**What is being asked**
Print the data exactly as written, line for line, and leave its pictures behind.

═══ Dataset content ═══

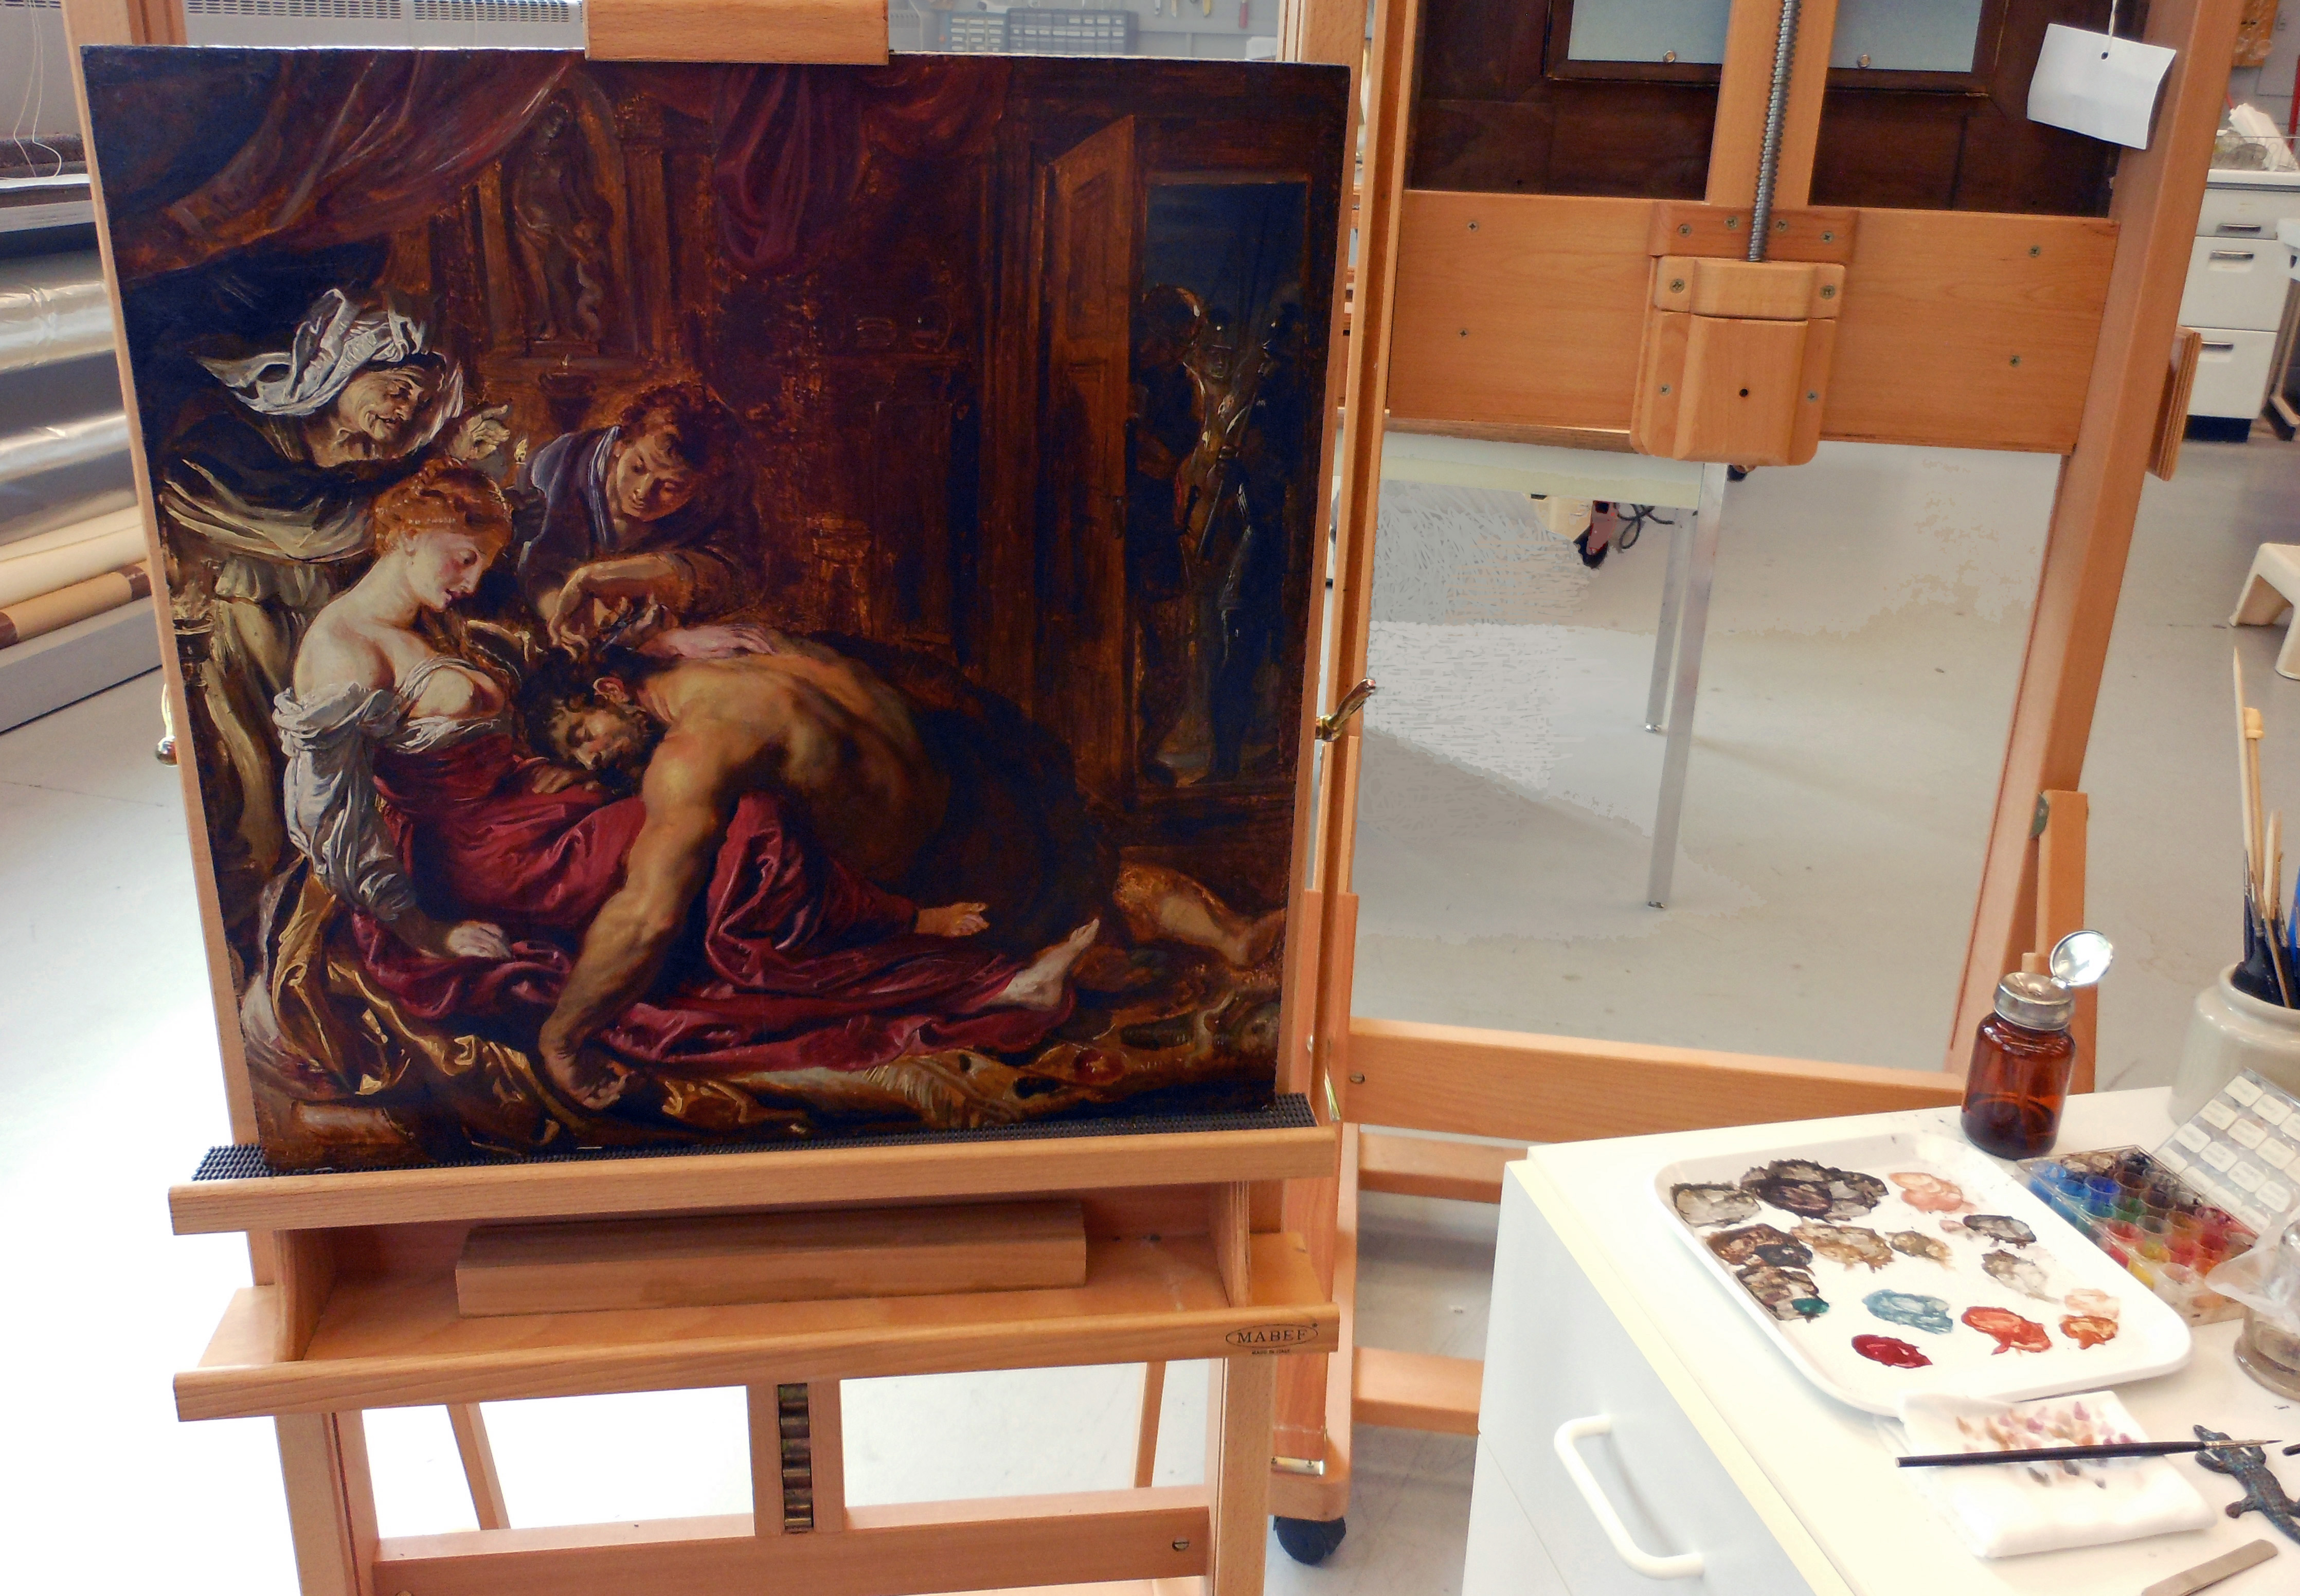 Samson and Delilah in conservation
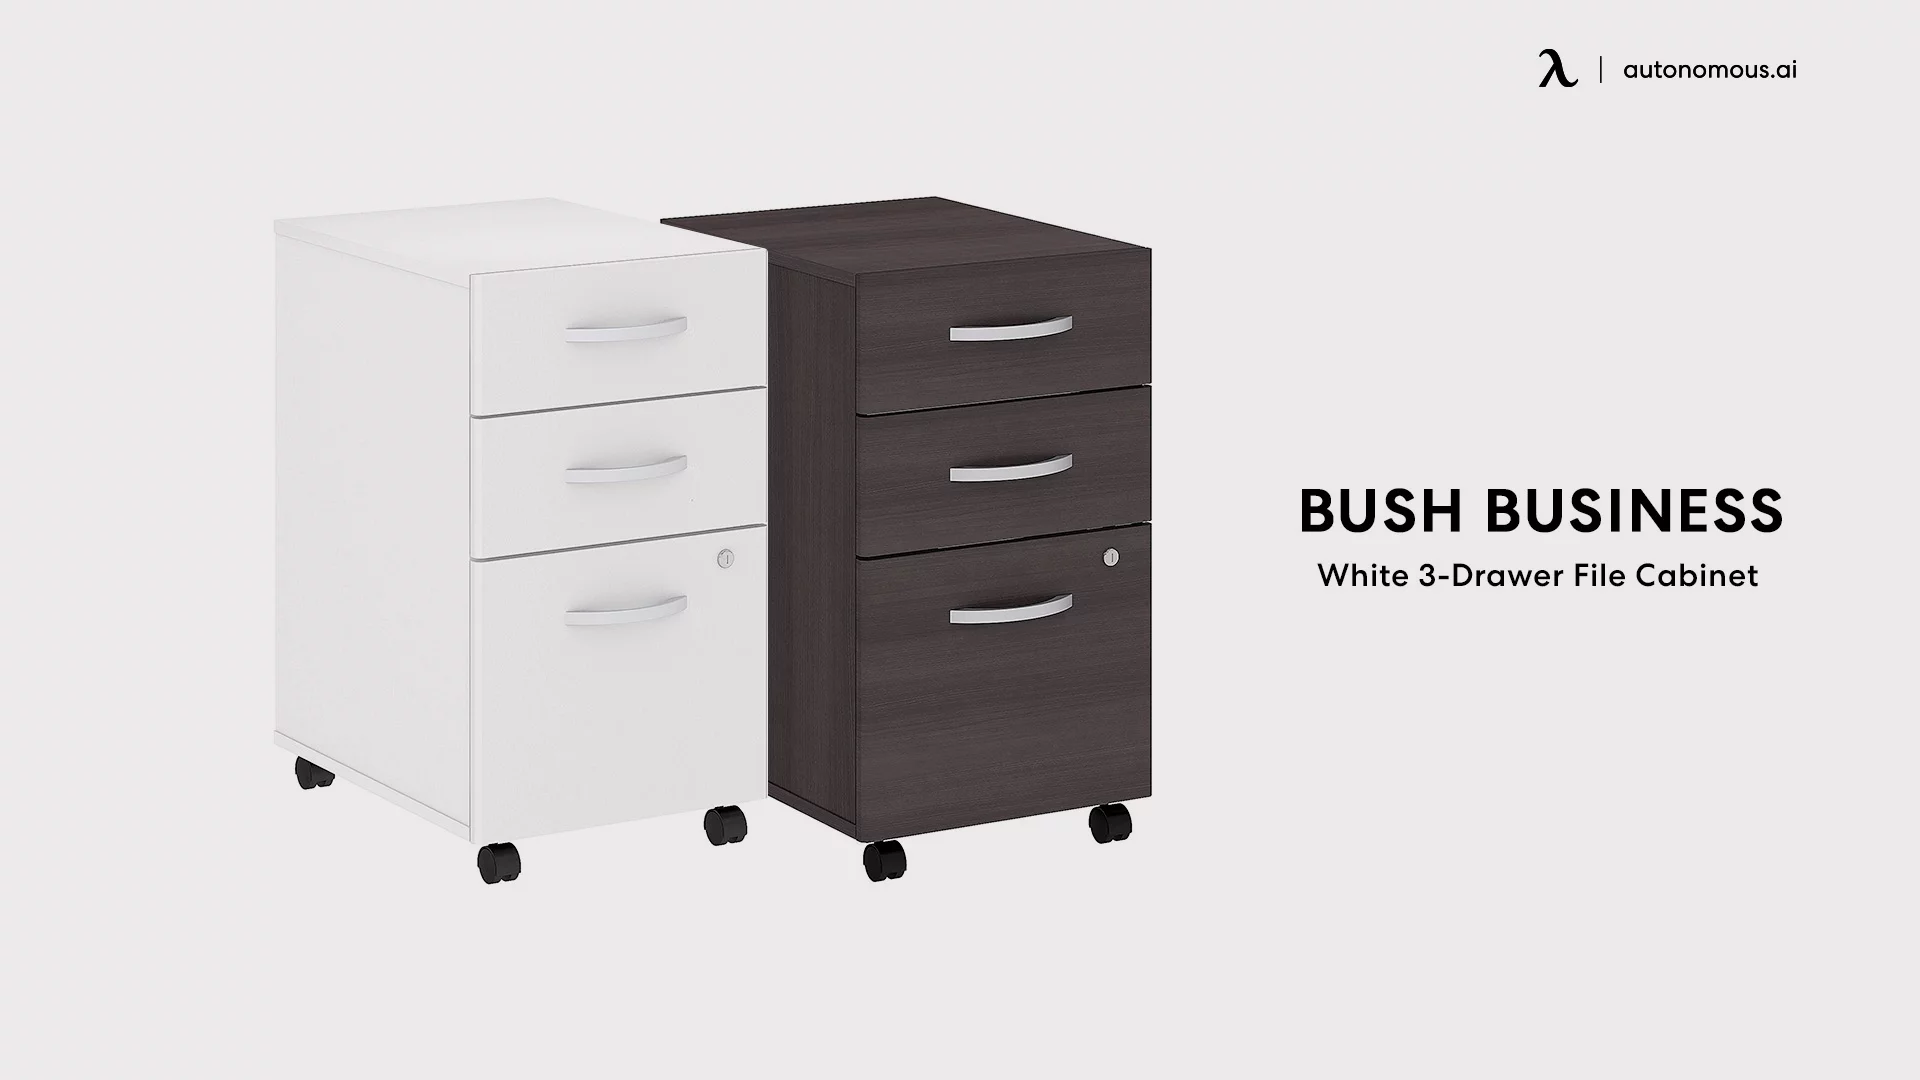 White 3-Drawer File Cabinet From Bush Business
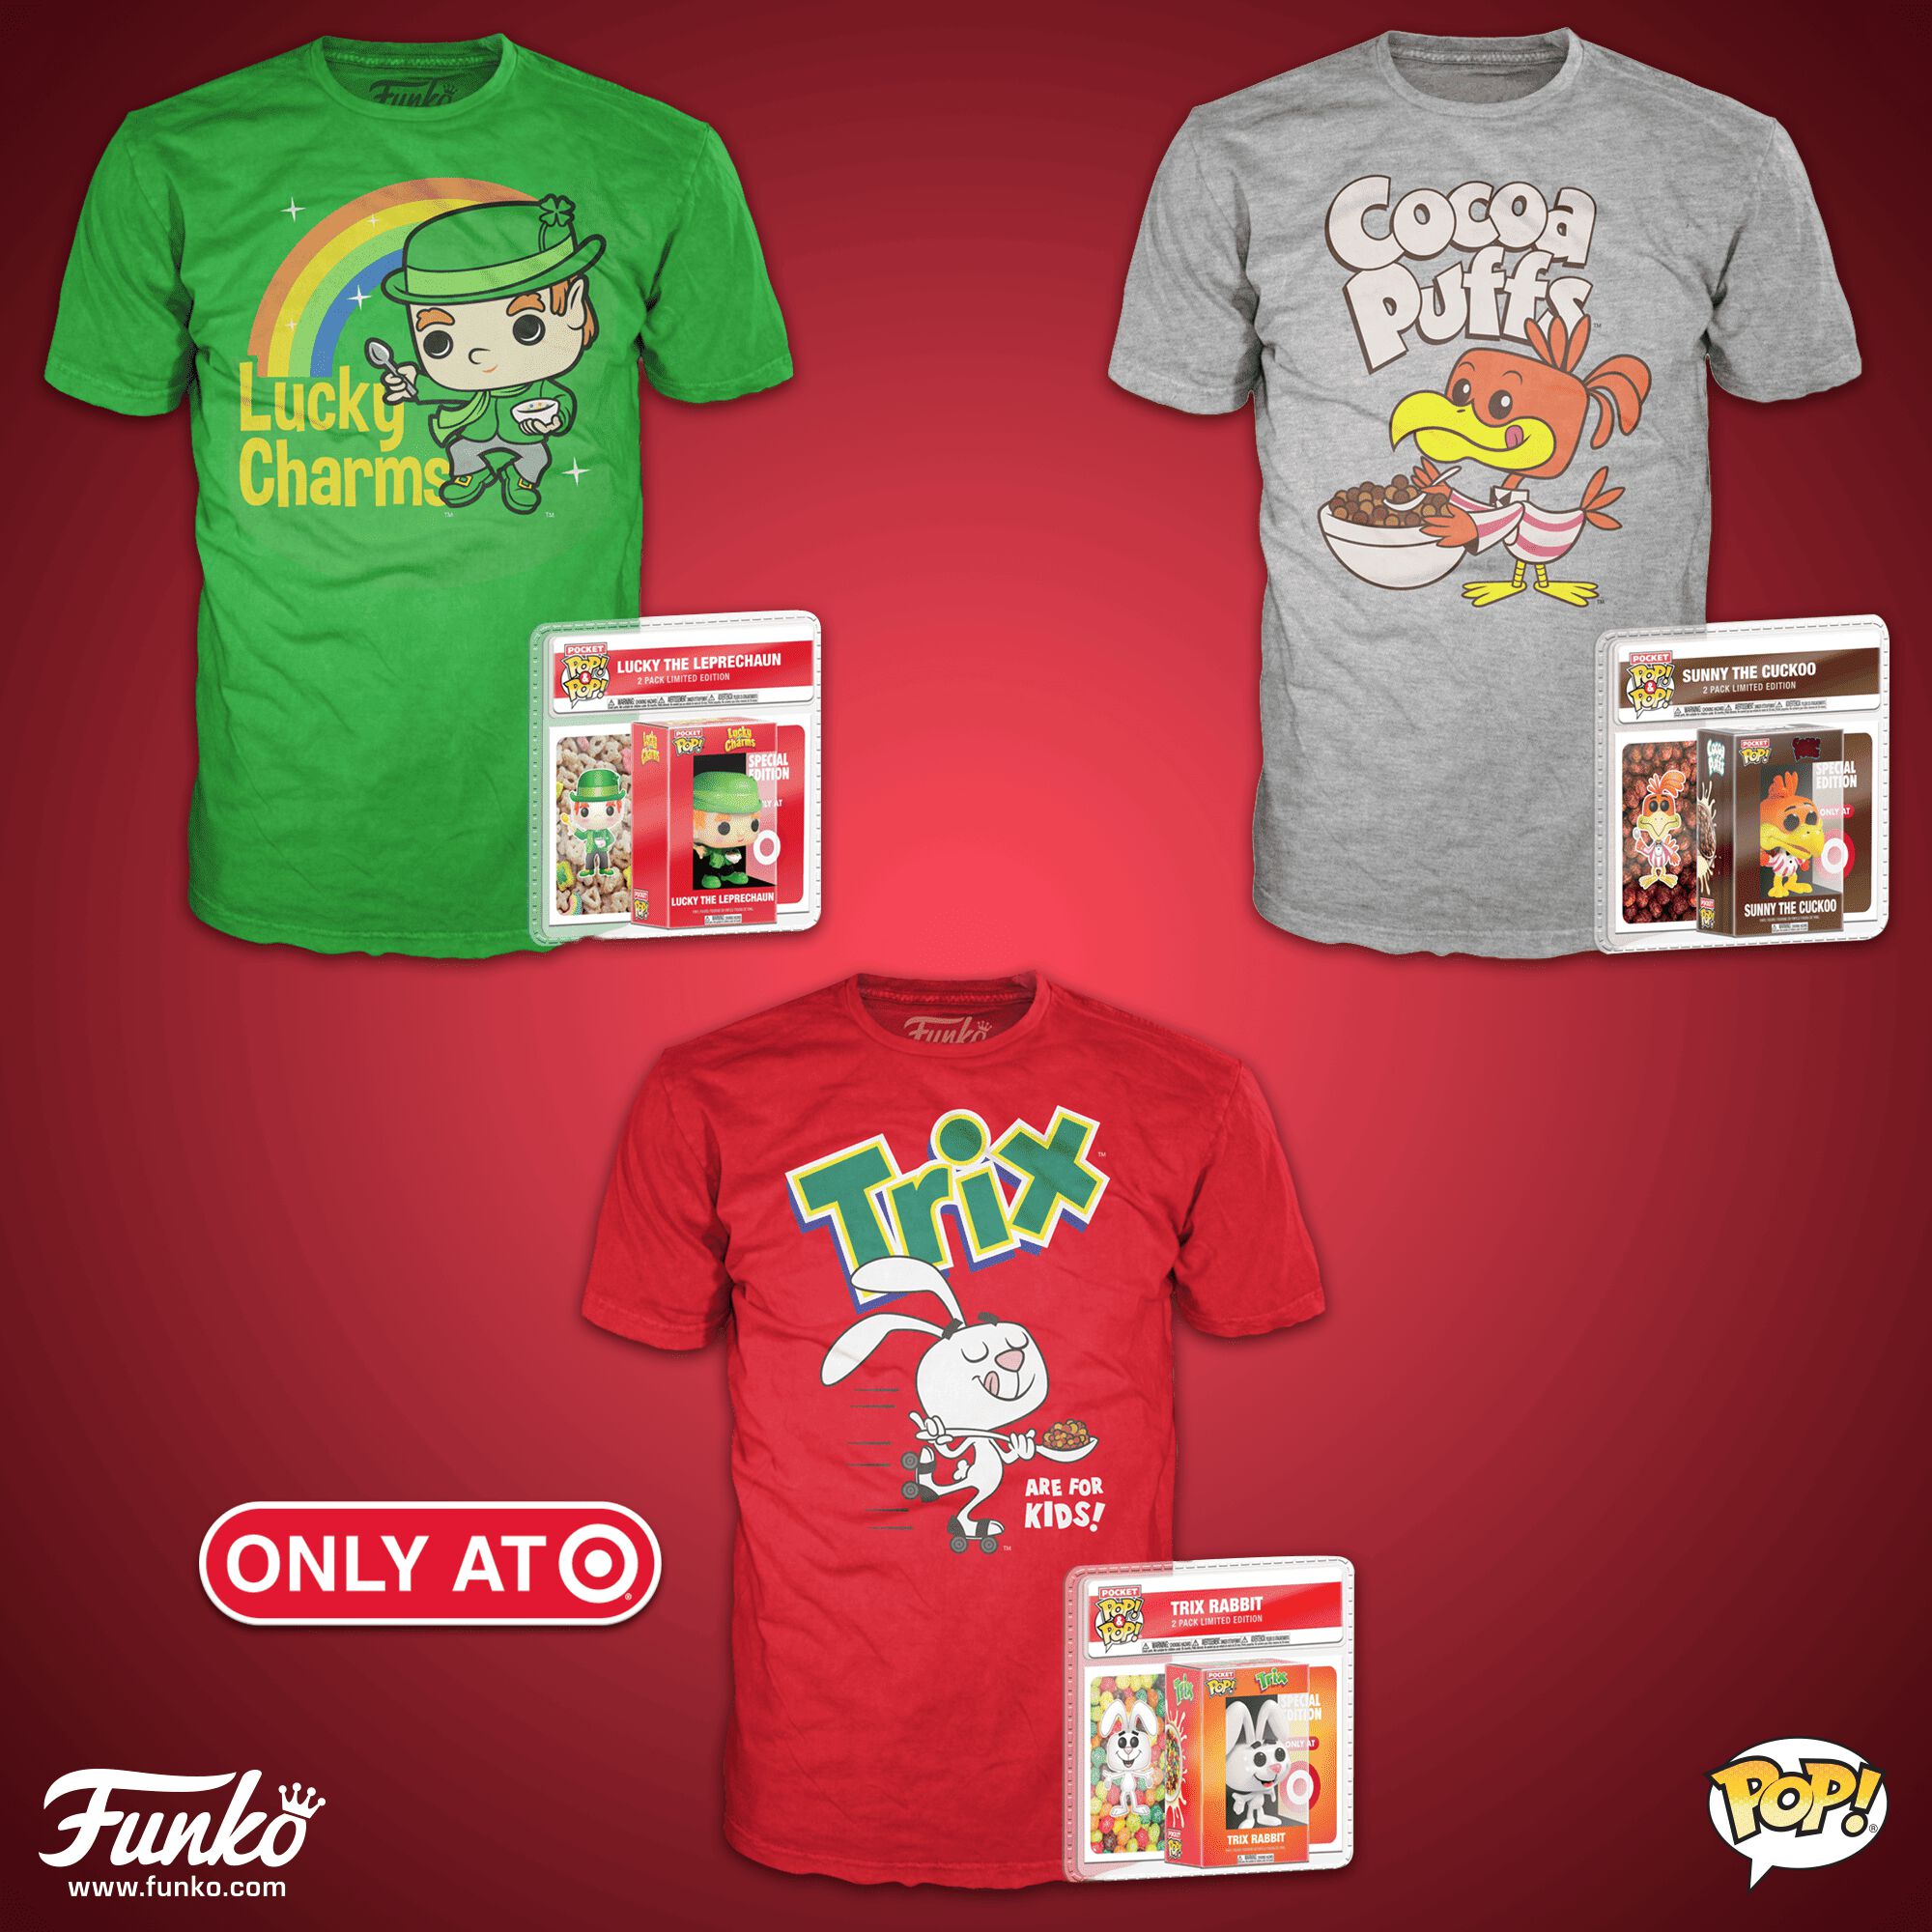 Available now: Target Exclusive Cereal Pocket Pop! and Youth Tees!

═══

**Response**
 Samson and Delilah in conservation
 White 3-Drawer File Cabinet From Bush Business
 Available now: Target Exclusive Cereal Pocket Pop! and Youth Tees!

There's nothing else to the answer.